* Exercise aim
Reproduce every line of the material below exactly. No pictures belong in the copy.

* Data
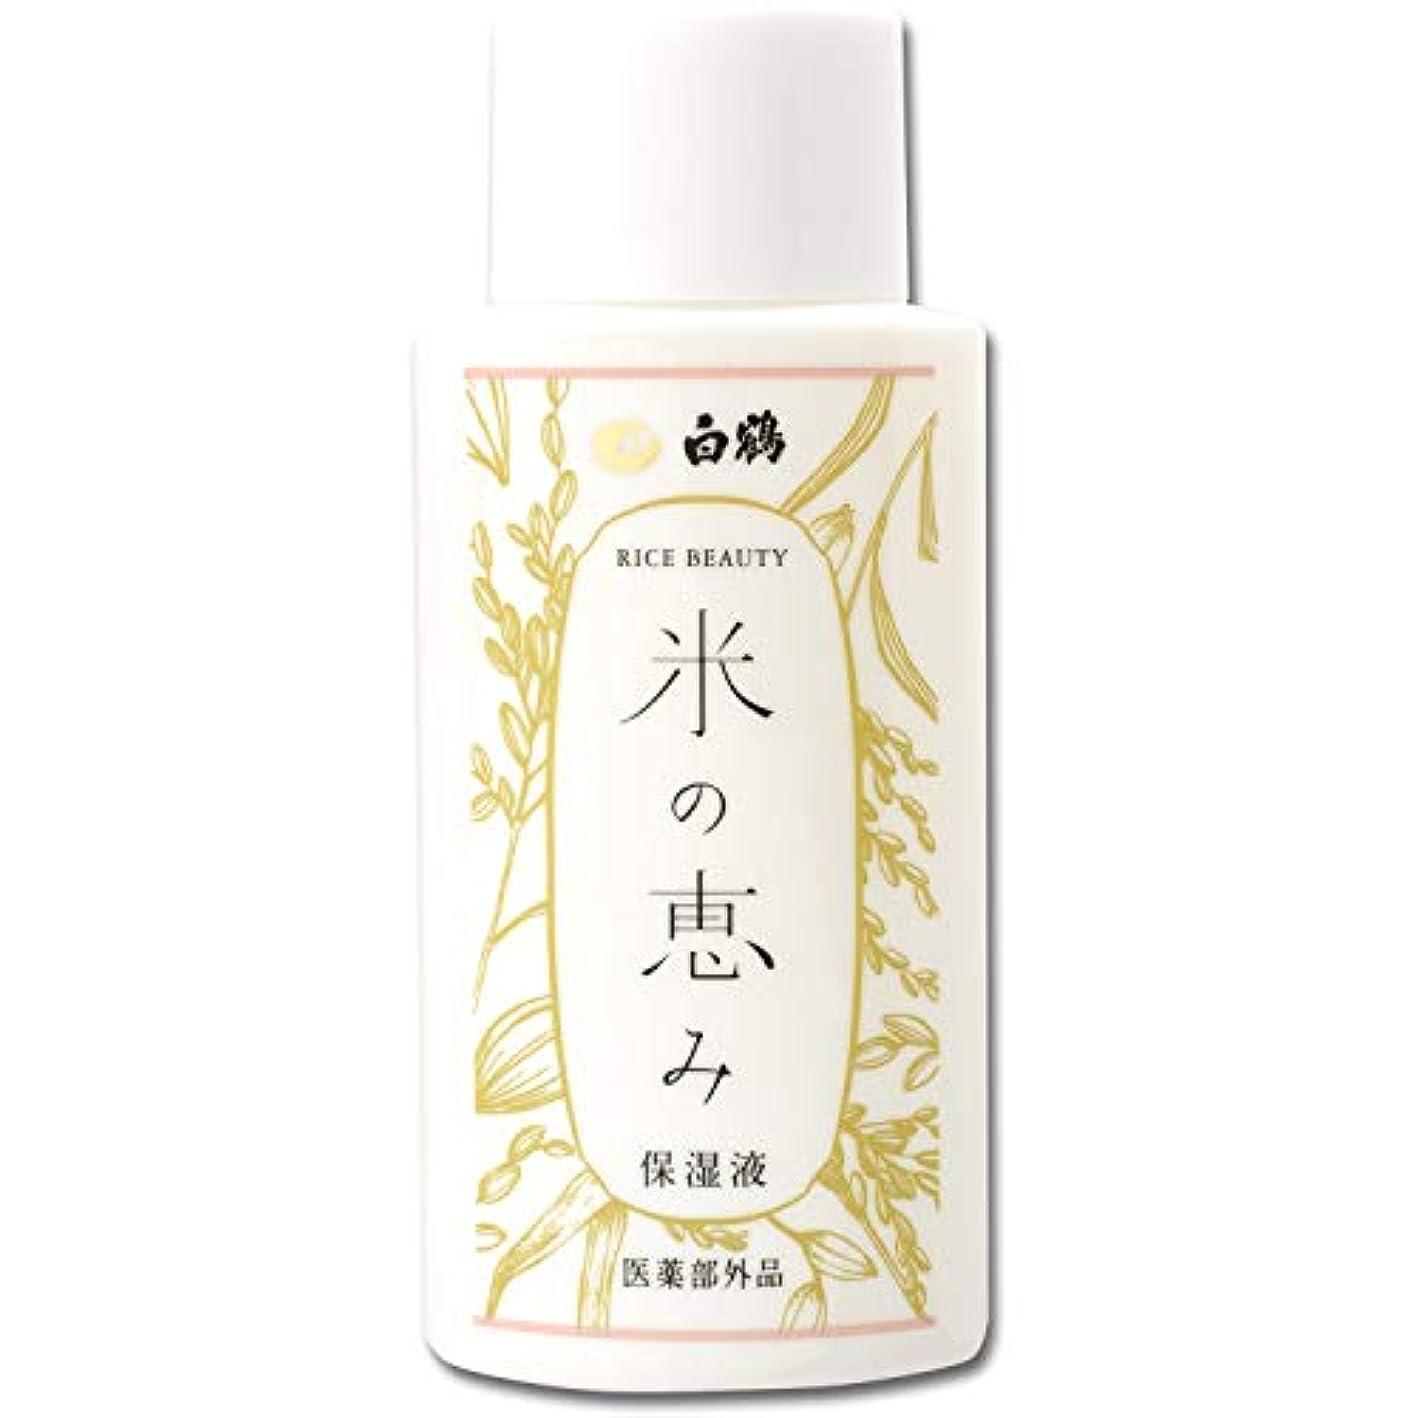 ペフ比較雄弁白鶴 ライスビューティー 米の恵み 保湿液 150ml(高保湿とろみ化粧水/医薬部外品)
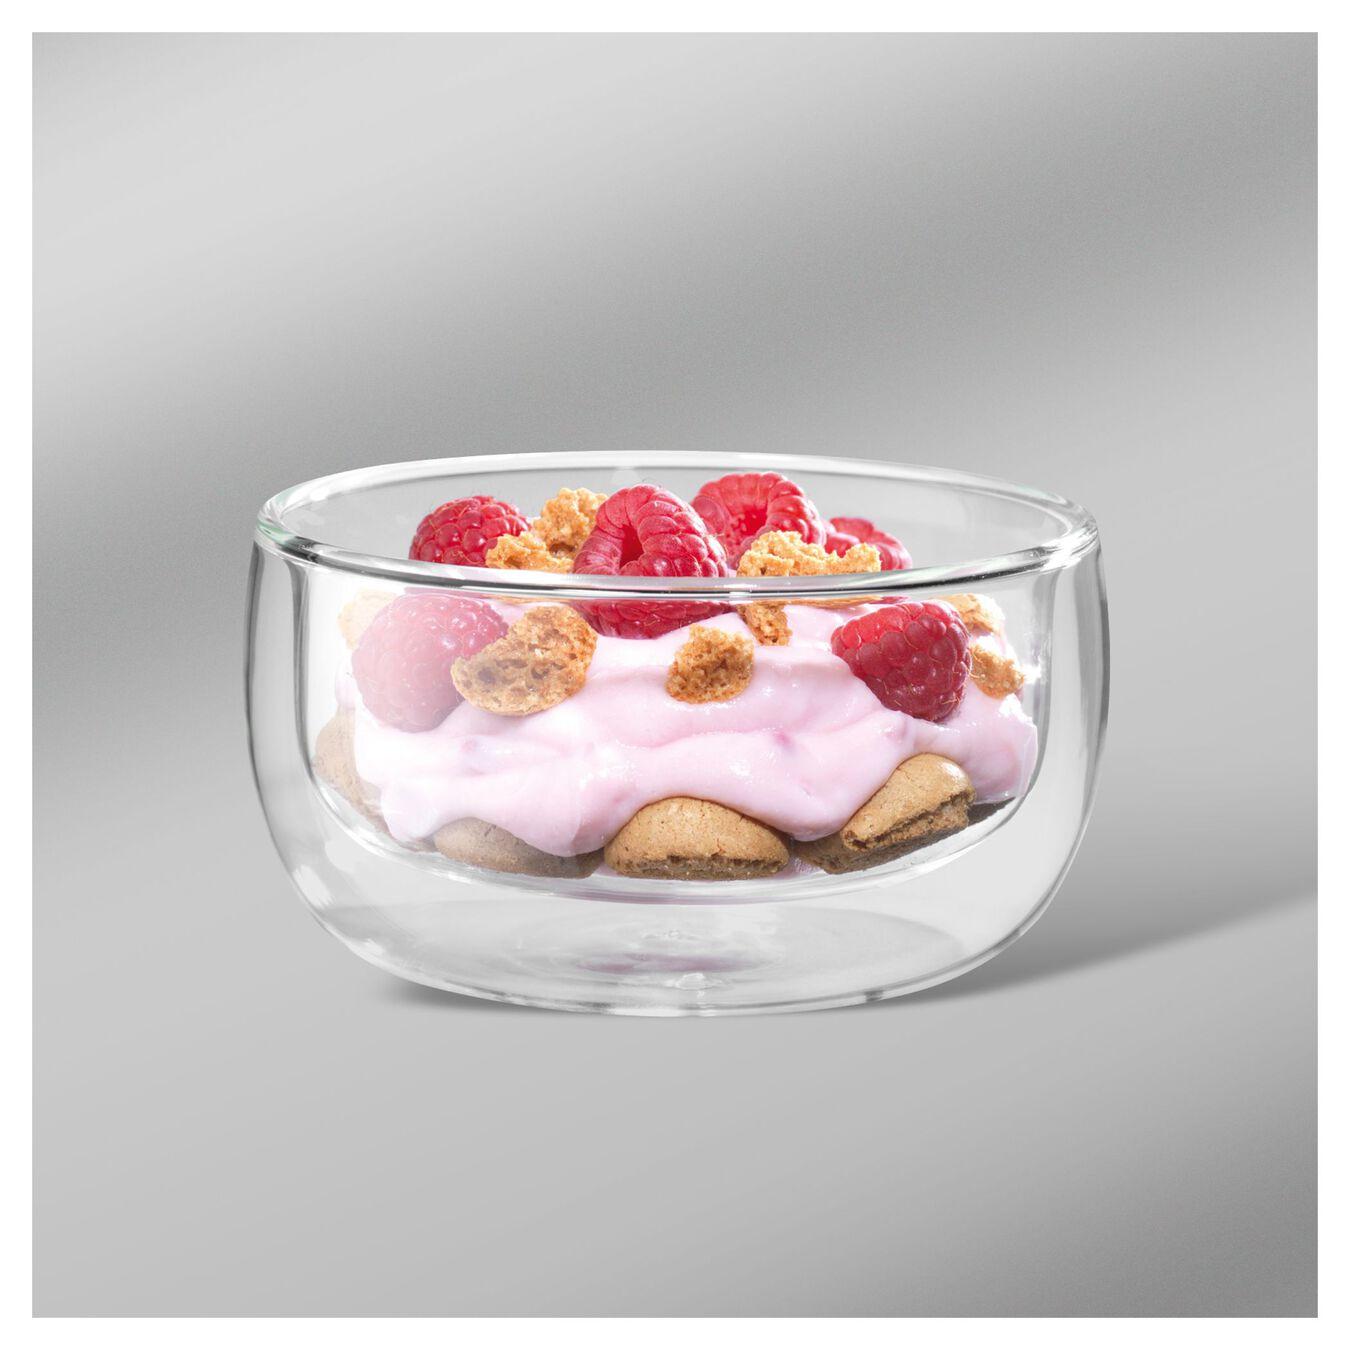 2-pcs Service de verres à dessert,,large 2
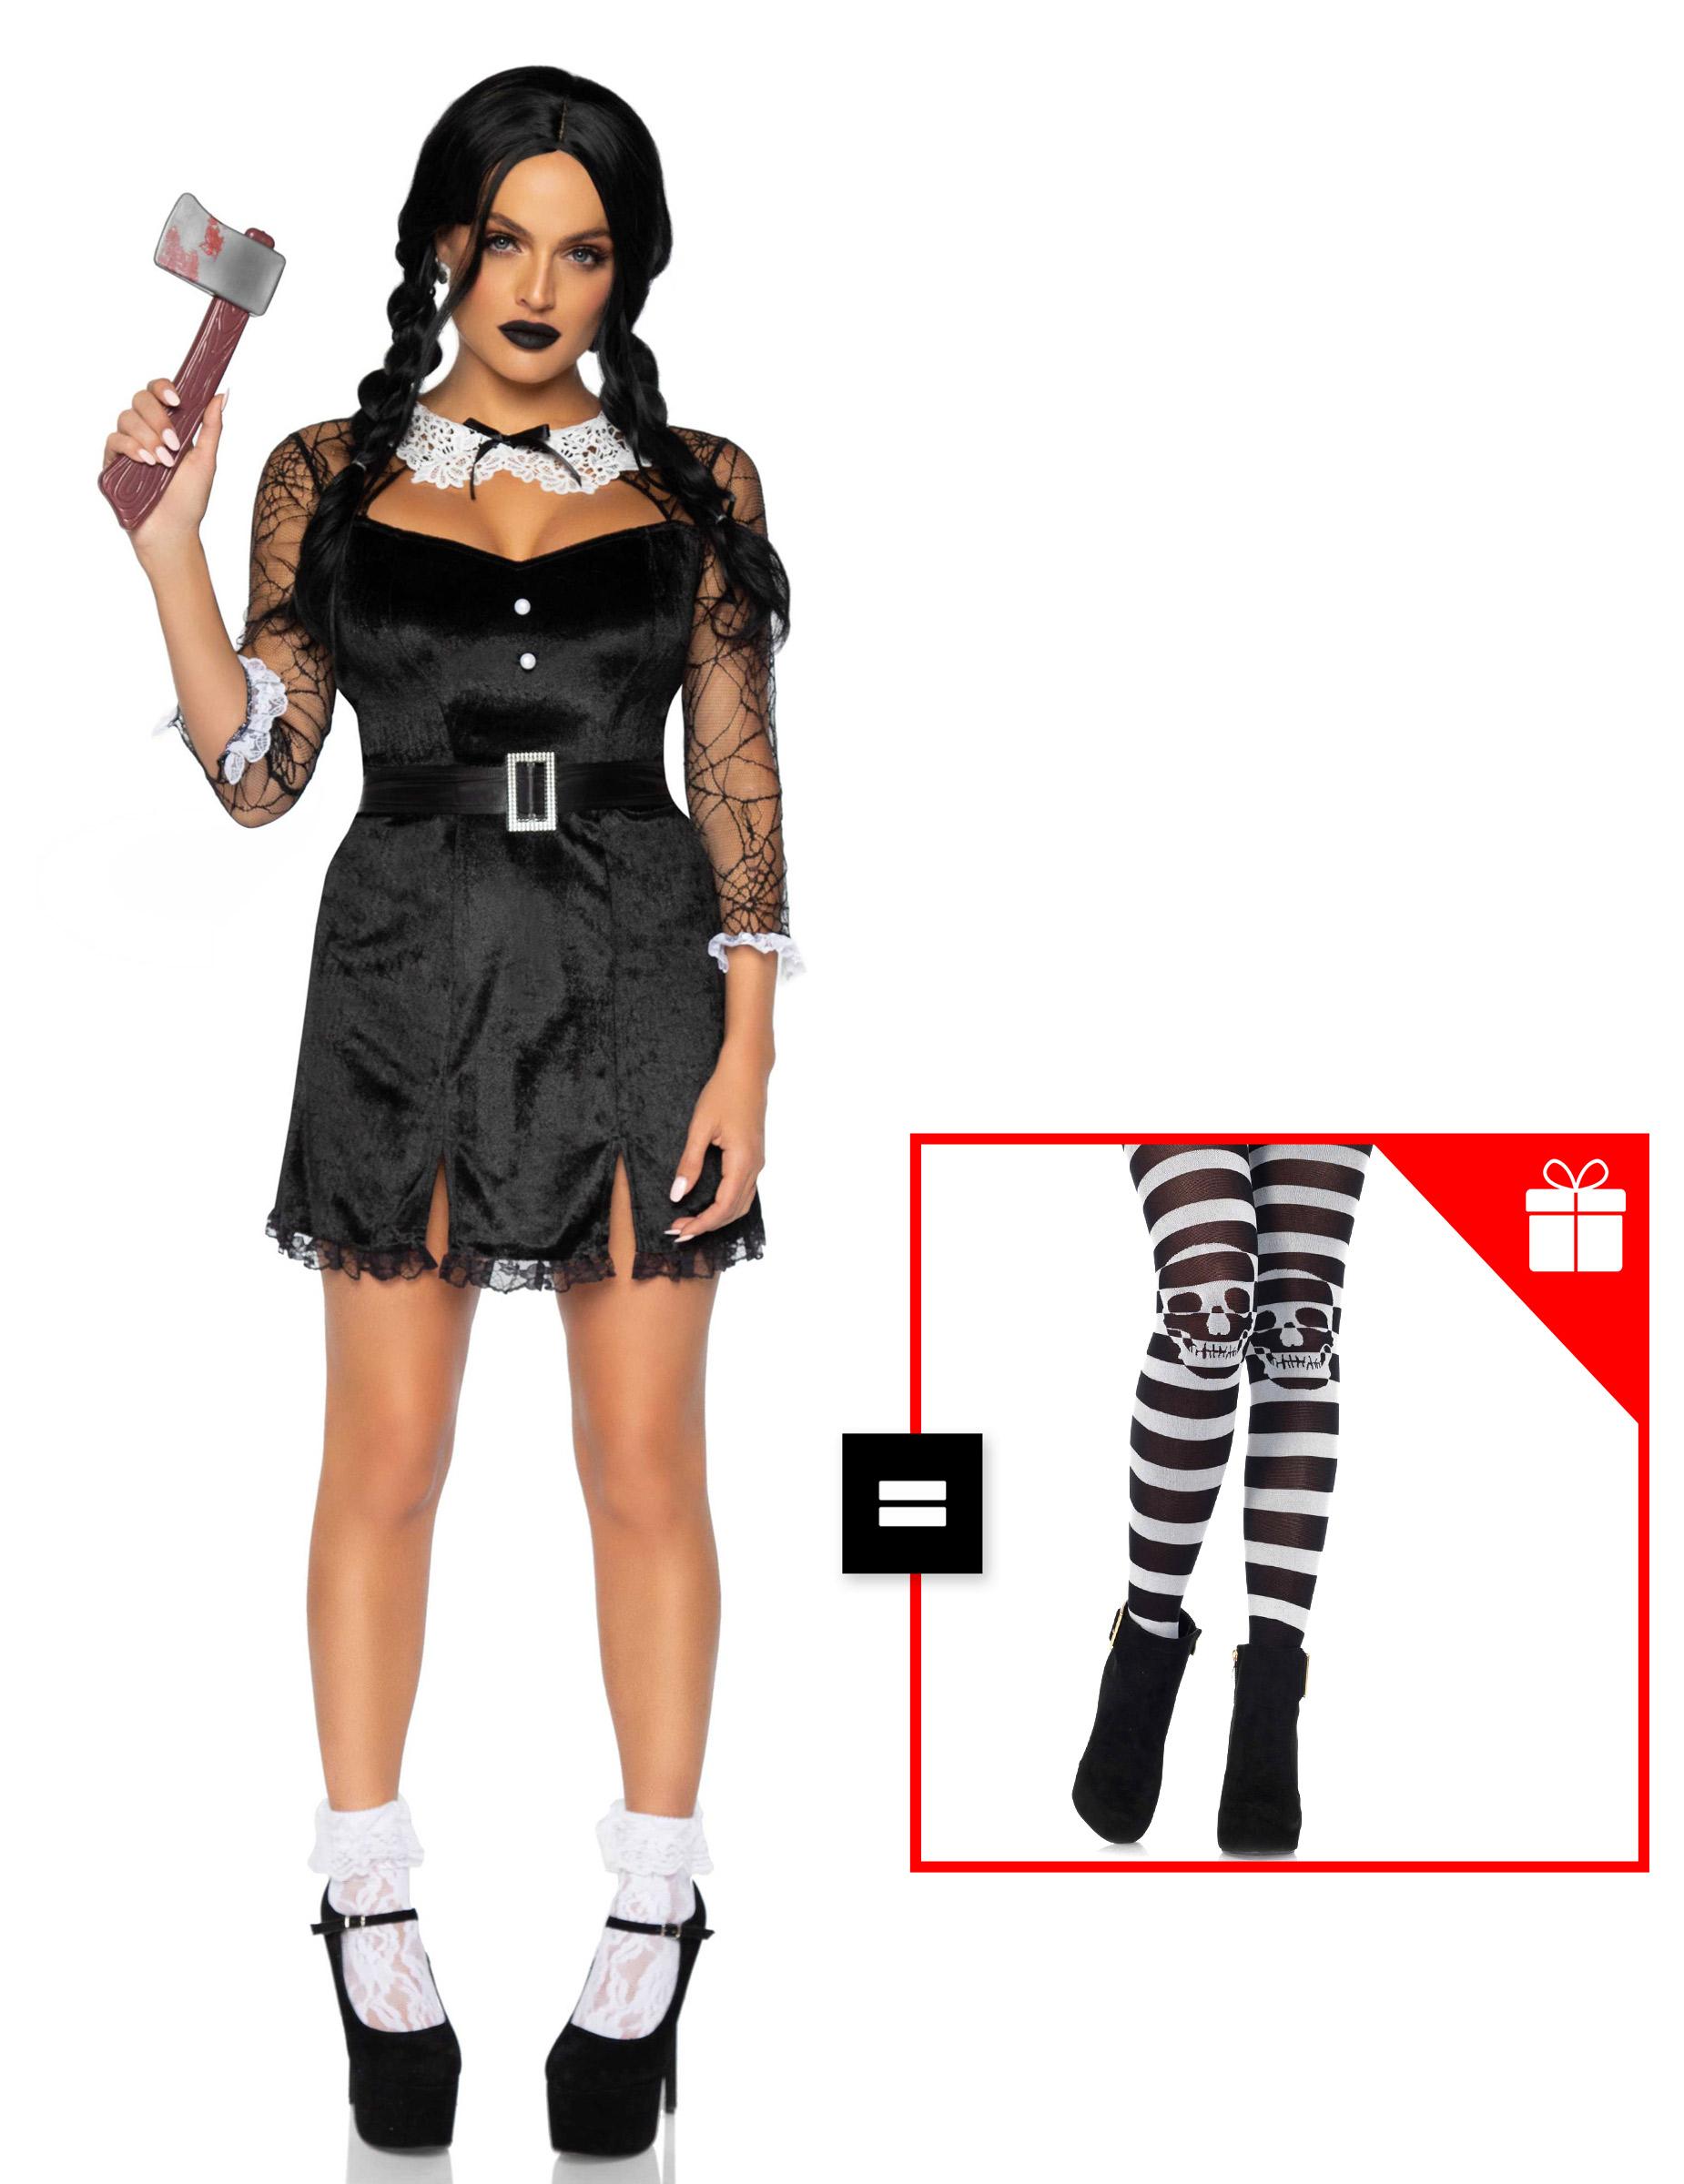 Mörderisches Schulmädchen-Kostüm für Halloween schwarz

* Response for this exercise
 ペフ比較雄弁白鶴 ライスビューティー 米の恵み 保湿液 150ml(高保湿とろみ化粧水/医薬部外品)
 2-pcs Service de verres à dessert,,large 2
 Mörderisches Schulmädchen-Kostüm für Halloween schwarz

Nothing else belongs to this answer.